Tuesday 7 April 2020

Coronavirus: eight European countries are now “over the hump!”

I’ve been doing some more playing with the new-cases figures for coronavirus. I took the raw figures since March 17th from worldometers.info for the following countries: Spain, Italy, Germany, UK, Switzerland, Belgium, Netherlands, Austria, Portugal, Sweden, Norway, Ireland, Denmark. I left out France, because of their recent data issues. I used Excel to smooth the figures over 7-day periods (so e.g. for March 20th I averaged the figures from March 17th to 23rd inclusive). I chose 7 days, because that is roughly the period of the “wobble” I saw in many countries’ data when I first looked into the detail a few days ago.

I came up with some interesting results. The countries divided clearly into three groups:

(1)   Eight in which the smoothed new cases have already peaked and are on a downward trend: Spain, Italy, Germany, Switzerland, Belgium, Austria, Portugal, Norway.

(2)   One (Netherlands) where smoothed new cases have only very recently peaked, and it’s not clear whether or not that will be the final peak.

(3)   Four in which the smoothed new cases have not yet peaked: UK, Sweden, Ireland, Denmark.

For the first two groups, I worked out by how many per cent per day the numbers have been falling since the peak. I took the latest smoothed number of cases (dated 3rd April, because that’s the last day for which I have a full 3 days of following data), divided by the peak number of cases, then took the Nth root, where N is the number of days between the peak and 3rd April, and converted the result to a percentage decay per day. My Excel formula was:

=ROUND((1-EXP(LN(<latest count>/< count at peak>)/<number of days since peak>))*100,2)

Obviously, the Netherlands was an outlier on the low side. Of the remainder, six all showed a decay rate between 1.8% and 2.8% per day: Germany 2.79%, Switzerland 2.52%, Spain and Italy both 2.25%, Belgium 2.03%, Portugal 1.8%. If I take the Spanish and Italian figure as representative, that corresponds to a half-life of 30 days for new cases of the virus.

But in some places, it’s better than we thought. Norway is showing a decay rate of 3.55% per day, and Austria a whopping 7.25% per day. Indeed, the smoothed new Austrian cases per day are already down very nearly to half of what they were at their peak on 25th March.

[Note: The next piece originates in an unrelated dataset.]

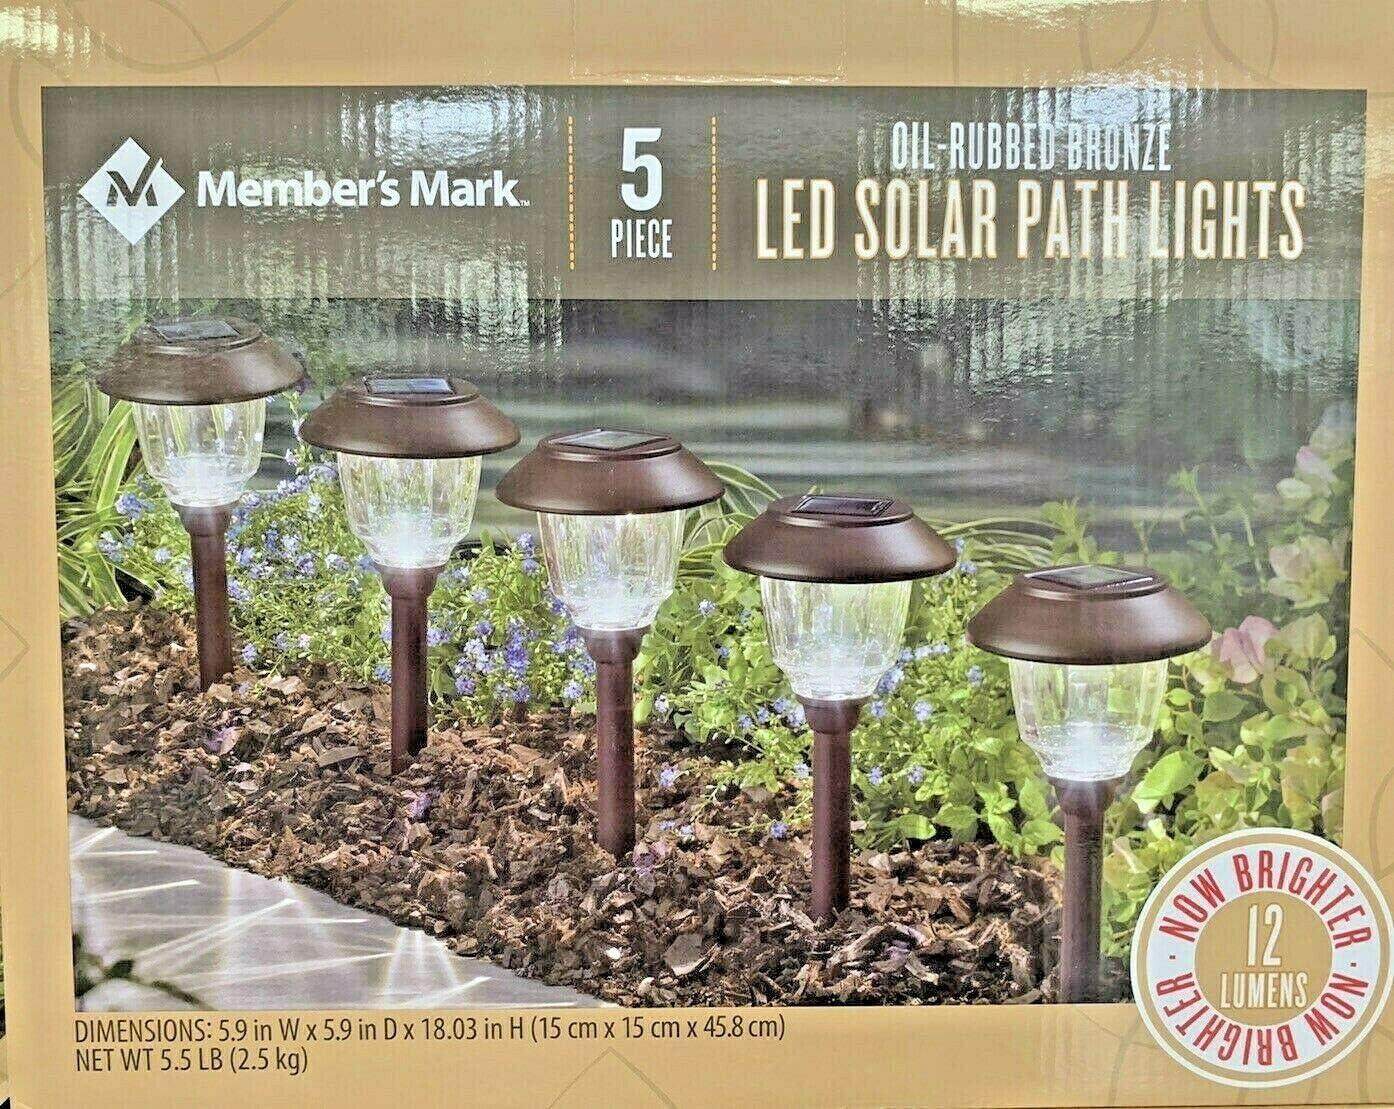 Member s Mark 5-Piece Oil-Rubbed Bronze Led Solar Path Lights
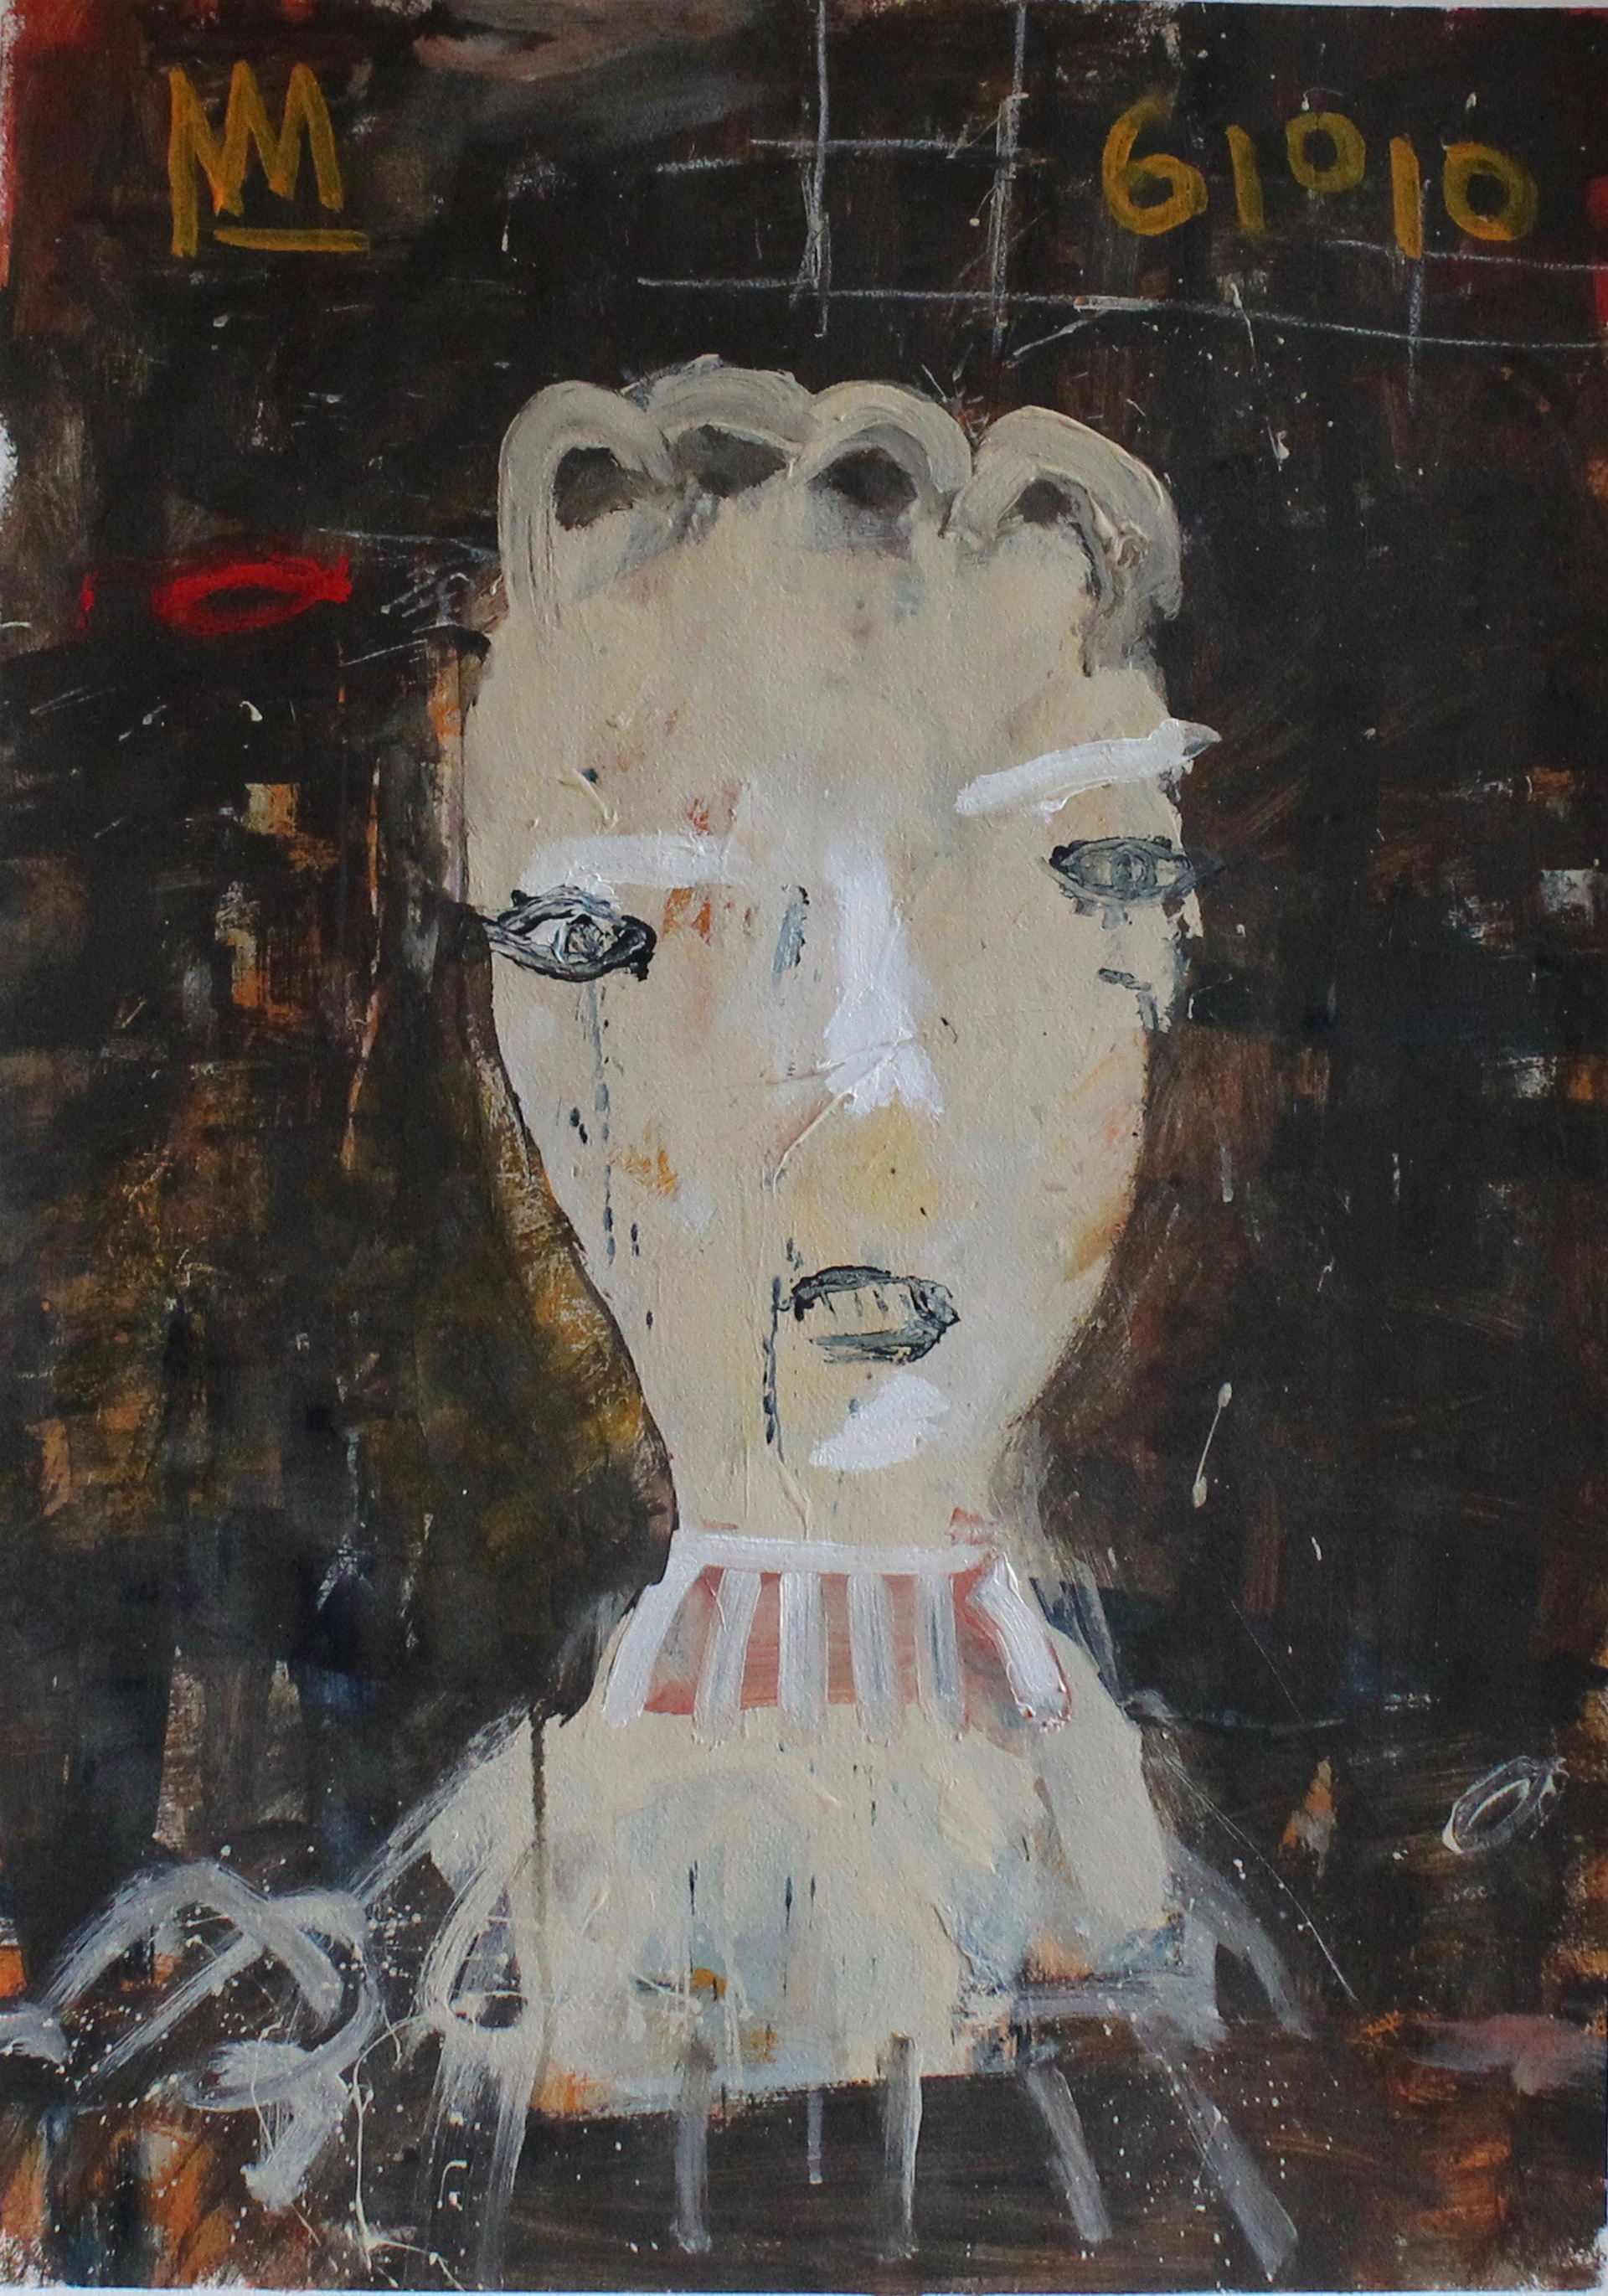 French Farm Girl by Michael Snodgrass

Whatever the Austrians have been doing to combat this virus, seems to be working. They did quarantine one particular town which was a big source of infection, which as far as I know no-one else has done. And apparently, they have mandated that face-masks are worn in stores; but that only started yesterday, so can’t have had any effect on these figures. So why, I wonder, has the Austrian experience been so much less bad than anyone else’s? Inquiring minds want to know, and to apply that knowledge.

Indeed, the Austrians, and the Danes too, have very recently announced that the restrictions are to be relaxed over the next few weeks. For Europeans it looks as if, as Winston Churchill famously said after the battle of El Alamein: “Now this is not the end. It is not even the beginning of the end. But it is, perhaps, the end of the beginning.”